Case Studies: Chapter 9 – Fashion Retailer Identifies the Best A/B Test to Run

What’s the A/B test most likely to improve PLP micro conversion rates?

This case study company is a US luxury multi-brand fashion house operating several physical boutiques in the U.S. and an online store. The multi-brand boutique sells designer brands and many others. 

The Challenge

As so often, the team tasked with CRO was systematically going through data to find improvements in all stages in the buyer journey. In this case, analytics indicated that many customers reached the Product List Page (PLP), but micro-conversions towards proceeding to Product Detail Pages (PDP) could be improved.

Step 1: What A/B test is most likely to create uplift?

The visualization of choice to see why customers are or aren’t continuing to the next step on a given page is in-page analytics, e.g., Zone-based heatmaps. 

Image: Zone-based heatmap with the Purchase Conversion Rate metric 

 

In this case, if shoppers reached the PLP and interacted with the filters to narrow down the products they were seeing, they were clicking primarily on the Category and Designer filters – the first two filters listed on the page. Yet, overall interaction with the filters was relatively low.  

Customers who interacted with the filters were more likely to reach a PDP. So, the opportunity was to help more shoppers see and engage with the best filters. An A/B test that entices more customers to take advantage of these filters was most likely to move the needle.

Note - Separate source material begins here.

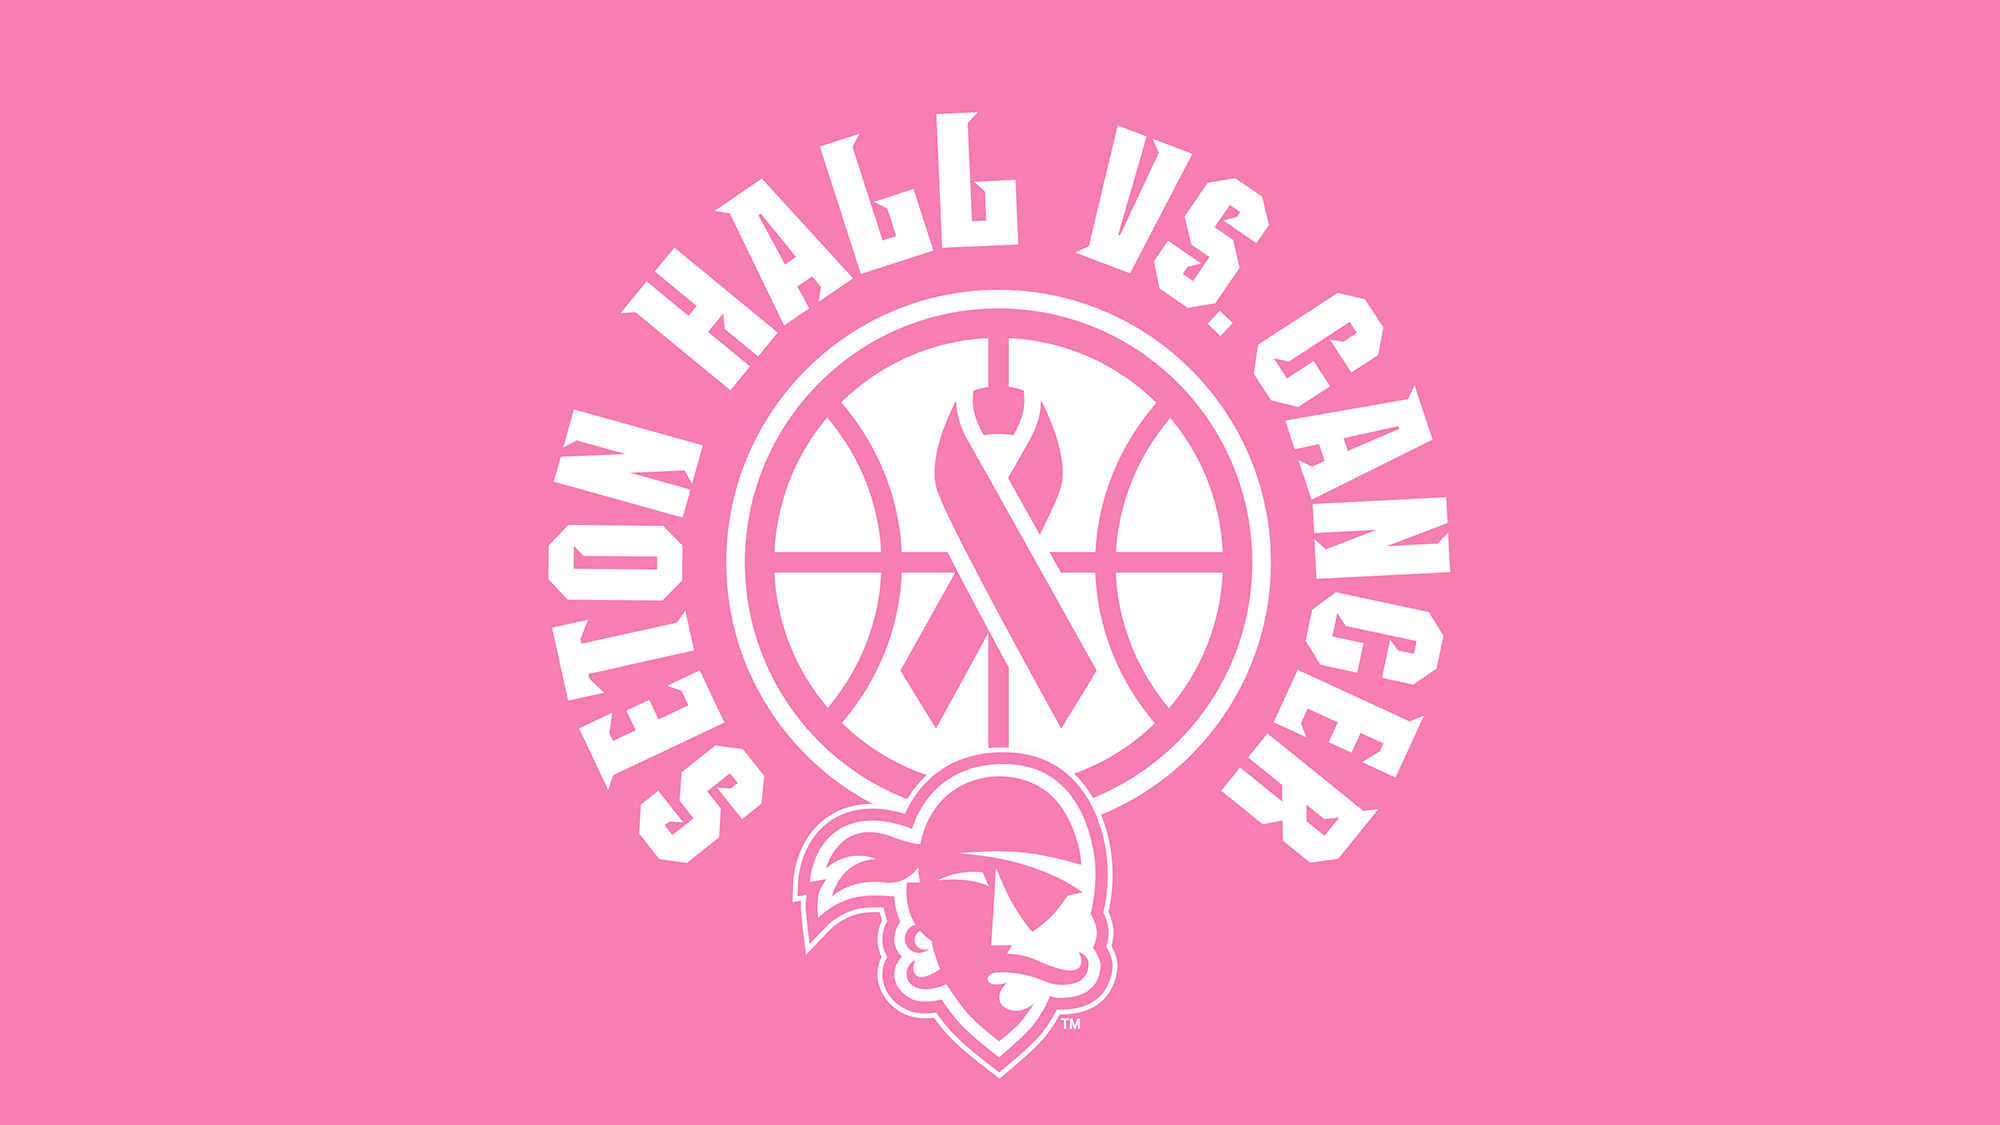 Seton Hall vs. Cancer Logo

Step 2: Design the A/B Test

The team designed a test where the favored filters of shoppers on the left were simply automatically expanded when they landed on the PLP. It removed the need to click and gave these filters more real estate. Very simple to implement.

Step 3: Run the A/B Test and confirm the winner

Using their Google Optimize platform, The team implemented this A/B test and confirmed that this simple change improved their overall Ecommerce conversion rate by 8.45%. It increased revenue even higher by guiding shoppers to consider products by designers that they missed earlier. As a result, revenue went up 26%. 

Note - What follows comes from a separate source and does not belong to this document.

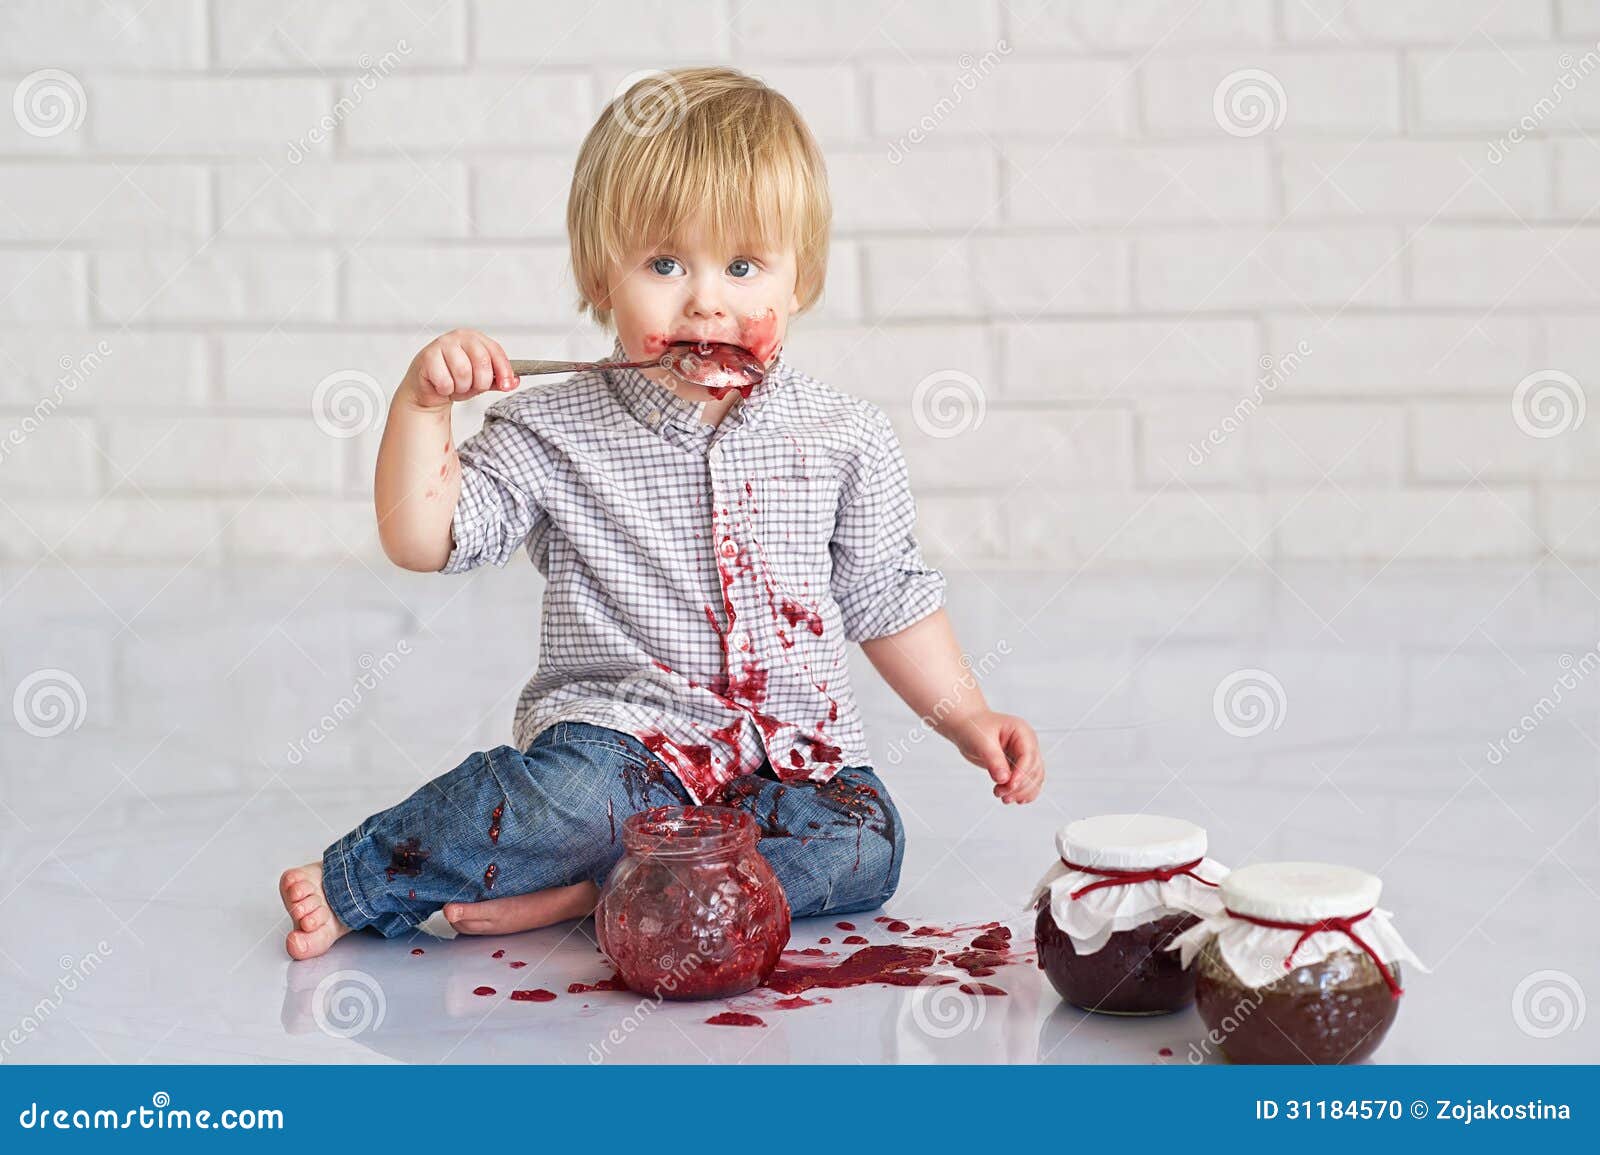 kid-eating-strawberry-jam-cute-little-boy-got-messy-glass-jars-31184570.jpg

Step 4: Why did the A/B Test win? What were the success factors?

In evaluating the test variant, The team confirmed that interaction with customers’ favored PLP filters had increased compared to the original PLP. That’s associated with a higher likelihood of reaching PDPs and making a purchase.


Image: Zone-based Heatmap of the winning test variant

 

The moral of the story

The team could have spun up myriads of A/B tests on the PLP, most of which would likely have gone nowhere. And consider this, if you had voiced an opinion that expanding PLP filters in a way that pushes other filters under the fold is a good idea,  you might have been laughed out of the room. But that’s exactly what the team A/B tested here because it was informed by data. They reaped the rewards as a result of letting data speak louder than opinions.